I fully concur in the dissenting opinion of Justice Grace. It is not true, as stated in the opinion of Justice Birdzell, that the planitiff was apprised of her rights, or that she ever had a day in court. She was a poor, ignorant, helpless woman, who could not read or write English, and knew nothing of our laws or customs. It was the bounden duty of the court to protect her rights and to guard her against imposition and the lack of competent counsel. When this court certifies that a person is competent and may safely be trusted to give counsel and to defend the rights of suitors, it becomes the duty of the court to make good its certificates by guarding the rights of the poor and ignorant when their counsel fail them.
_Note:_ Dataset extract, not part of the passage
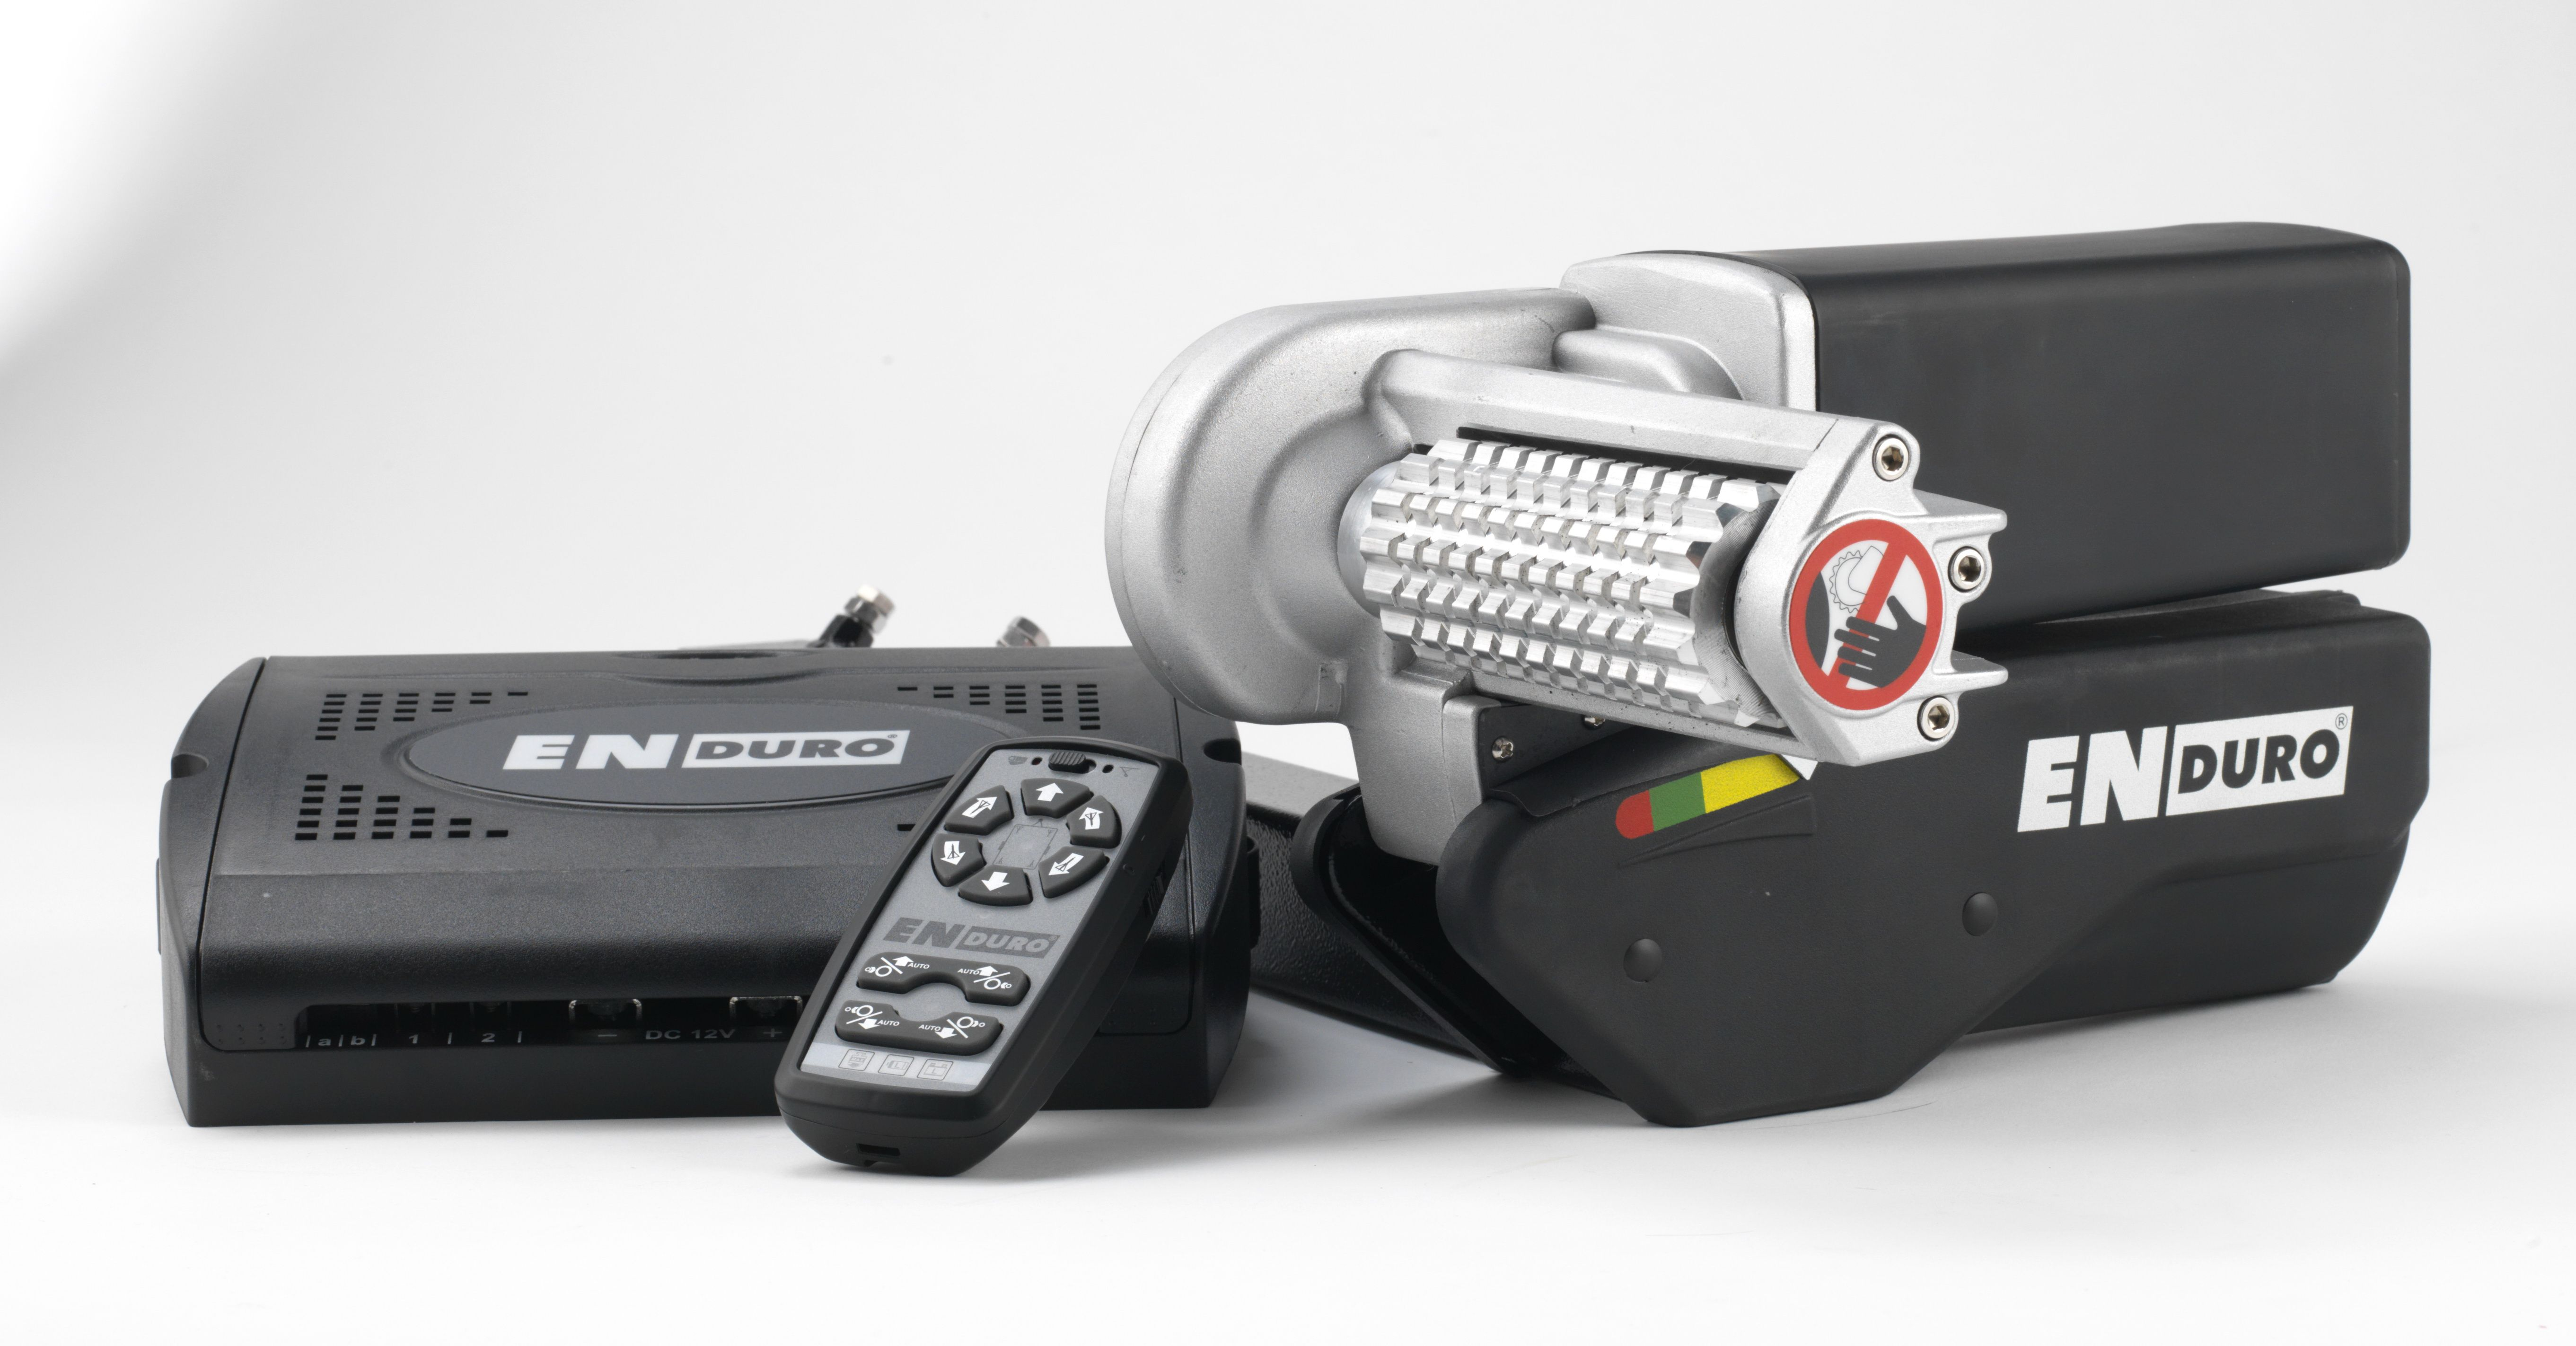 Enduro mover Premium med automatisk tilkobling til campingvognen

The plaintiff gave one McBride $25 to advise her and to protect her rights. lie accepted her money and did not a thing to protect her. He offered to accept $50 for taking an appeal, but he had done nothing to lay the foundation for an appeal. He showed either gross incompetency or neglect.

No judge can honestly assert that the plaintiff has been given her legal rights. She has been buncoed by a shameful and mock legal proceeding. The pretended judgment of the county court is manifestly and confessedly wrong. It is a fraud on the plaintiff and no court should hesitate to declare it null and void.